2 DVT pressurized garment
4 Thigh
6 sections
8 Fasteners, control unit
10 recess
12 Proximal edge
14 Expandable chamber
16 distal edge
18 pump
19 Control system
20 Injection tube, connection tube, grommet
22 1st offset section
24 Second offset section
26 channels
28 Third Expandable Chamber
30 Second Expandable Chamber
32 First Expandable Chamber
34 Transfer tube, injection choke tube
36 moving tube

Claims (10)

A device for applying pressure to a limb of a patient, the device comprising:
a sleeve configured to be positioned over the patient's limb, the sleeve configured to be positioned over the limb of the patient;
a sleeve comprising an internal sleeve passageway configured to receive the patient's limb and at least one inflatable chamber;
a control unit configured to utilize an expansion/deflation process to supply compressed fluid to the at least one expandable chamber;
The expansion/deflation process is
inflating the at least one chamber from an initial pressure to a first pressure;
maintaining the at least one chamber at the first pressure for a first predetermined amount of time;
changing the pressure in the at least one chamber from the first pressure to a second pressure, the second pressure being higher than the initial pressure;
maintaining the at least one chamber at the second pressure for a second predetermined amount of time;
changing the pressure in the at least one chamber from the second pressure to the first pressure or to a third pressure higher than the second pressure;
maintaining the at least one chamber at the first pressure or the third pressure for a third predetermined amount of time;
and deflating the at least one chamber to zero pressure or a fourth pressure. 2. The device of claim 1, wherein changing the pressure in the at least one chamber from the first pressure to the second pressure includes deflating the at least one chamber. 2. Changing the pressure in the at least one chamber from the second pressure to the first pressure or to the third pressure comprises inflating the at least one chamber. Devices listed. 2. The device of claim 1, wherein the second pressure is greater than 0 and less than 45 mmHg. 2. The device of claim 1, wherein the second predetermined amount of time is at least 2 seconds. 2. The device of claim 1, wherein the inflation/deflation process is repeatable with time intervals lasting more than 28 seconds between each cycle of the inflation/deflation process.
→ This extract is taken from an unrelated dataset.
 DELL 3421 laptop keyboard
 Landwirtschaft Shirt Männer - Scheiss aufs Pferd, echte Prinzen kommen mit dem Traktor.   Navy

A method for supplying compressed fluid to at least one inflatable chamber of a pressurized garment, the method comprising:
inflating the at least one chamber from an initial pressure to a first pressure;
maintaining the at least one chamber at the first pressure for a first predetermined amount of time;
changing the pressure in the at least one chamber from the first pressure to a second pressure, the second pressure being higher than the initial pressure;
maintaining the at least one chamber at the second pressure for a second predetermined amount of time;
changing the pressure in the at least one chamber from the second pressure to the first pressure or to a third pressure higher than the second pressure;
maintaining the at least one chamber at the first pressure or the third pressure for a third predetermined amount of time;
deflating the at least one chamber to zero pressure or a fourth pressure. a compression garment, the entire garment surrounding the thigh of the patient, the compression garment applying pressure only to the thigh of the patient;
an outer sleeve configured to be positioned only on the patient's thigh;
at least one inflatable chamber within the outer sleeve for applying a compressive force against the patient's thigh. 9. The garment further comprises a sensitive identification component to enable automatic recognition by a control unit that the type of garment is of a particular type intended for the thigh. Garment. 9. A method of reprocessing a device, such as the device of claim 1 or 8, comprising cleaning the device between subsequent uses by different patients.